Free cash flow and adjusted free cash flow for 2021 were both $139 million compared to free cash flow of $10 million and adjusted free cash flow of $29 million for the prior year period. The decrease -- excuse me, the increase in free cash flow and adjusted free cash flow was primarily related to aggressive cost control, effective working capital management and lower capital expenditures.
We are paying down debt and reduced -- have reduced our leverage to 1.7 times EBITDA at the end of the first quarter from 2.0 times EBITDA at the end of the prior year quarter. We have significant liquidity available through approximately $1.2 billion of combined cash on hand and revolver capacity, which allows us to invest in new programs and other future growth opportunities, which will contribute to increased shareholder value. Importantly, we increased this quarter's dividend to pre-COVID levels, underscoring our confidence in Woodward's financial position.

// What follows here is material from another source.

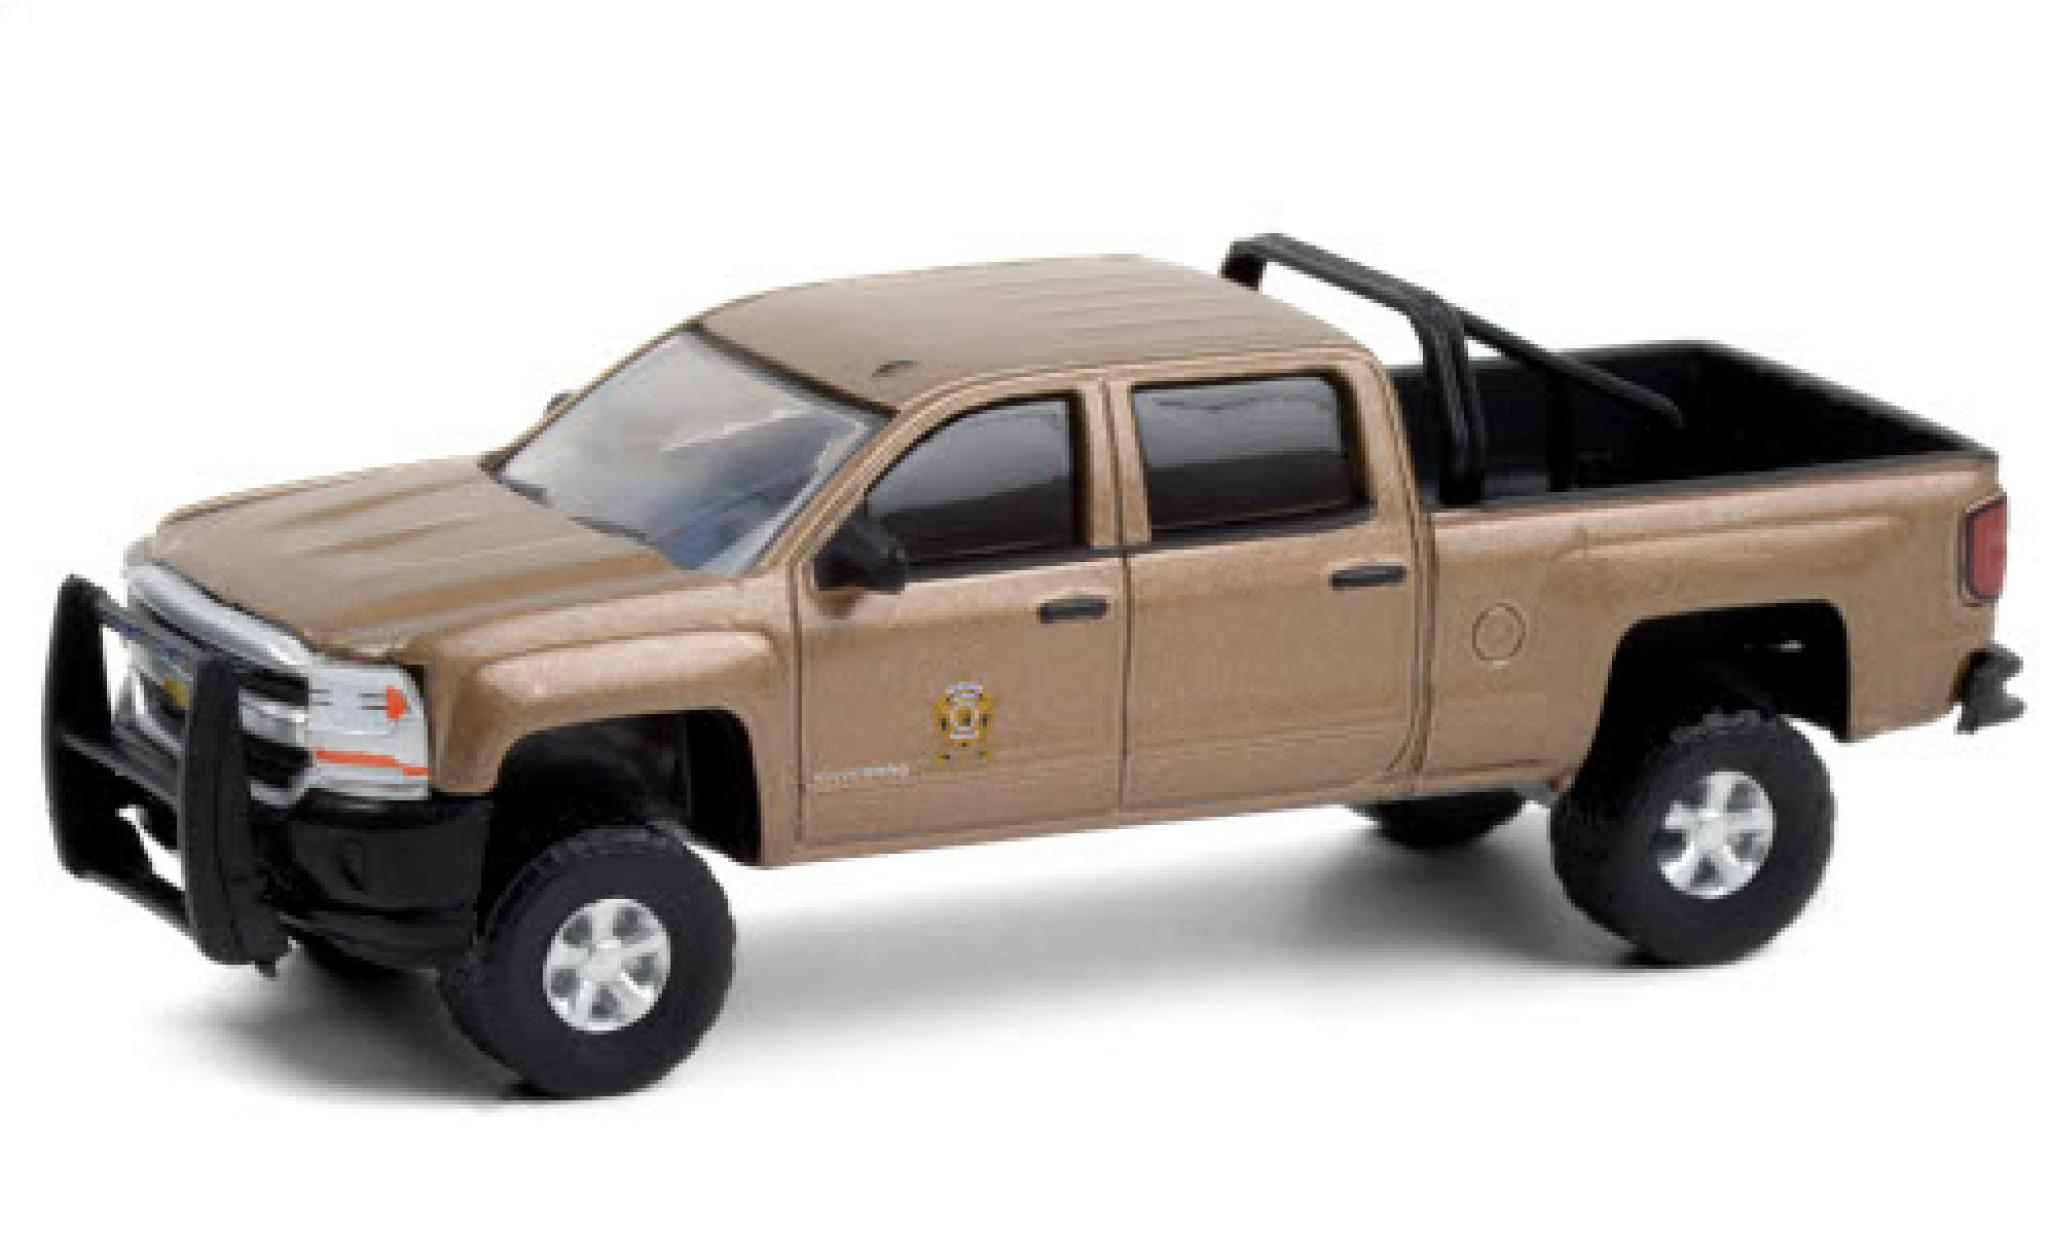 Chevrolet Silverado 1/64 Greenlight 1500 Washington State Police 2017 Departement of Poisson and Wildlife

While the sales volume declines we are seeing are significant, the aggressive actions we took at the beginning of the pandemic to prioritize cash management and a lean operational structure are having a positive impact on our performance.
Lastly, turning to our fiscal 2021 outlook. The dynamic and volatile nature of the COVID-19 global pandemic has continued to cause uncertainty in many of our markets. While the ongoing rollout of vaccines across the globe has begun, new viral variants and regional resurgences make forecasting the future of our business challenging in the near term. Given this uncertainty and the protracted nature of this crisis, we will not be providing financial guidance at this time, although we are optimistic that ongoing stabilization will lead to recovery across the globe.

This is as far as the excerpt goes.